• What the task requires: Reproduce word for word the lines between those holding "Kunststoff-Stühle Henning, 2" and "Barber Motorsports Park", inclusive, and nothing else from the data below.

Entries taken from a collection
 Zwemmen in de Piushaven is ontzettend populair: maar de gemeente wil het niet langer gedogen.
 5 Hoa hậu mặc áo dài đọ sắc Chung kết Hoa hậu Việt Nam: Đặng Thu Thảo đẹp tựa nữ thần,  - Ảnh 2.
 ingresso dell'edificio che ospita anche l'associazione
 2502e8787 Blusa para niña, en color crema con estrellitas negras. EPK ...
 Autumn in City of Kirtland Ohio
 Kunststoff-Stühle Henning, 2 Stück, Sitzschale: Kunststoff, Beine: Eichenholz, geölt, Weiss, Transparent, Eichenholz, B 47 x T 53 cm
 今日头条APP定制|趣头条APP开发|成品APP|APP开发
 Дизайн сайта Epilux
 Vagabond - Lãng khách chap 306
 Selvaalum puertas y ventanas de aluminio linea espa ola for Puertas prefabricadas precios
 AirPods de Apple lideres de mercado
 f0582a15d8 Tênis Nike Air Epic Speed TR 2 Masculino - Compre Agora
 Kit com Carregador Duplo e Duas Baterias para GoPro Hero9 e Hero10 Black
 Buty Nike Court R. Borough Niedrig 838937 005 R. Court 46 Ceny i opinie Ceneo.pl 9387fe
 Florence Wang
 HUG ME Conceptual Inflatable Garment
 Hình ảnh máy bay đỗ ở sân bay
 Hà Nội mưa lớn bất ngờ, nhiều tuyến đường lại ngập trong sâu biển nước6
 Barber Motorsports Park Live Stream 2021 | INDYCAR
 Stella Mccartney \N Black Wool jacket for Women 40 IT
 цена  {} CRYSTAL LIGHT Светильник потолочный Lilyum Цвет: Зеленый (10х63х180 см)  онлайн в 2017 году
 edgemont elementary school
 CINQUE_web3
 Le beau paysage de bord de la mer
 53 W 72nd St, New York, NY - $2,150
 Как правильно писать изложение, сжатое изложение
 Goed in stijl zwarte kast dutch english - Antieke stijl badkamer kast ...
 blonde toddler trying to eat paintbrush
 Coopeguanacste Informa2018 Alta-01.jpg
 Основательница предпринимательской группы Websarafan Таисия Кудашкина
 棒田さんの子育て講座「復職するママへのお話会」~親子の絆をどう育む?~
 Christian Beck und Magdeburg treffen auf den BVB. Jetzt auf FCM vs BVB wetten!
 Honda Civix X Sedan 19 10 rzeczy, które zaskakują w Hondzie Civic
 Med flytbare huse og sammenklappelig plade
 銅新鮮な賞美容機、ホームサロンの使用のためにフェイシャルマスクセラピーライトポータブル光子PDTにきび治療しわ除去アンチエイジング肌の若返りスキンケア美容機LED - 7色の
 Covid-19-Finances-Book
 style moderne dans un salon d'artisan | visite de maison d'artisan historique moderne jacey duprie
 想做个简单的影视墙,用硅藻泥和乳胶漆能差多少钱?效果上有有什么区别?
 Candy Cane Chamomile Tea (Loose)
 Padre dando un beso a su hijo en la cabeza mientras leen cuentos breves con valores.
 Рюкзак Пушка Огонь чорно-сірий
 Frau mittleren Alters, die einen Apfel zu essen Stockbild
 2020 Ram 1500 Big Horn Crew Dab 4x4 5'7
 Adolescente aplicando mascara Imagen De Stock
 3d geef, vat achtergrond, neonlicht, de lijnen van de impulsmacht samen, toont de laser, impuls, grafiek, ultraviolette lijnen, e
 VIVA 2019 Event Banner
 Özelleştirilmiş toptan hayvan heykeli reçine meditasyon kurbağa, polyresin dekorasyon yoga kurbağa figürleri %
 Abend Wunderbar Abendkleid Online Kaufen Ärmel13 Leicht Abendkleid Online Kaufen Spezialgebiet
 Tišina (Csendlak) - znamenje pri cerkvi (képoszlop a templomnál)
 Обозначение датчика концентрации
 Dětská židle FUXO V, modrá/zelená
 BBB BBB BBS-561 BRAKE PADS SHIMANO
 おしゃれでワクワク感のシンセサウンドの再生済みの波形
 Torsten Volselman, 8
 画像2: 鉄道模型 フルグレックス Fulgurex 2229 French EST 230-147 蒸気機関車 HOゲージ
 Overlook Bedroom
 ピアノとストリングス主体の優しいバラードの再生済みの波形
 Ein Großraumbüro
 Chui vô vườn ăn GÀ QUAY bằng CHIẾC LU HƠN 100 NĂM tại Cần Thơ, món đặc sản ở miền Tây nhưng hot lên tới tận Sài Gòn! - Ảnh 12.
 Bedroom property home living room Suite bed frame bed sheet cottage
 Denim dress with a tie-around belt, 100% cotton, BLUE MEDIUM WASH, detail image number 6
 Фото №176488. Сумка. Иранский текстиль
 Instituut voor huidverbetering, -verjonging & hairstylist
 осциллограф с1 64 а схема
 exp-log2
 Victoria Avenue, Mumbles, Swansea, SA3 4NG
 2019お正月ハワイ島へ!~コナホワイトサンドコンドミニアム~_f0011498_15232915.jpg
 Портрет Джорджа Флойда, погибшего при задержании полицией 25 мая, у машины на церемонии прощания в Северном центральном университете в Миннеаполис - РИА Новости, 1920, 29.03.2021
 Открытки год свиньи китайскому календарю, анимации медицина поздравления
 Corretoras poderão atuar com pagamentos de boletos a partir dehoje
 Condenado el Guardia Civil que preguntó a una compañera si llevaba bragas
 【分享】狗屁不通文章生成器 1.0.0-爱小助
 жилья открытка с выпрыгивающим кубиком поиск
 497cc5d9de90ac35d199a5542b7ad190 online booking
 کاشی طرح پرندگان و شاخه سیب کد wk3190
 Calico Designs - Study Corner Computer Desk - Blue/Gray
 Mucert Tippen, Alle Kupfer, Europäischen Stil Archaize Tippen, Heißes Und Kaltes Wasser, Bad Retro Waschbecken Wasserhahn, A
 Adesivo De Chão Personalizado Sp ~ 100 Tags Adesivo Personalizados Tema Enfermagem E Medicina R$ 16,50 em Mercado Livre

• Solution to this task:
 Kunststoff-Stühle Henning, 2 Stück, Sitzschale: Kunststoff, Beine: Eichenholz, geölt, Weiss, Transparent, Eichenholz, B 47 x T 53 cm
 今日头条APP定制|趣头条APP开发|成品APP|APP开发
 Дизайн сайта Epilux
 Vagabond - Lãng khách chap 306
 Selvaalum puertas y ventanas de aluminio linea espa ola for Puertas prefabricadas precios
 AirPods de Apple lideres de mercado
 f0582a15d8 Tênis Nike Air Epic Speed TR 2 Masculino - Compre Agora
 Kit com Carregador Duplo e Duas Baterias para GoPro Hero9 e Hero10 Black
 Buty Nike Court R. Borough Niedrig 838937 005 R. Court 46 Ceny i opinie Ceneo.pl 9387fe
 Florence Wang
 HUG ME Conceptual Inflatable Garment
 Hình ảnh máy bay đỗ ở sân bay
 Hà Nội mưa lớn bất ngờ, nhiều tuyến đường lại ngập trong sâu biển nước6
 Barber Motorsports Park Live Stream 2021 | INDYCAR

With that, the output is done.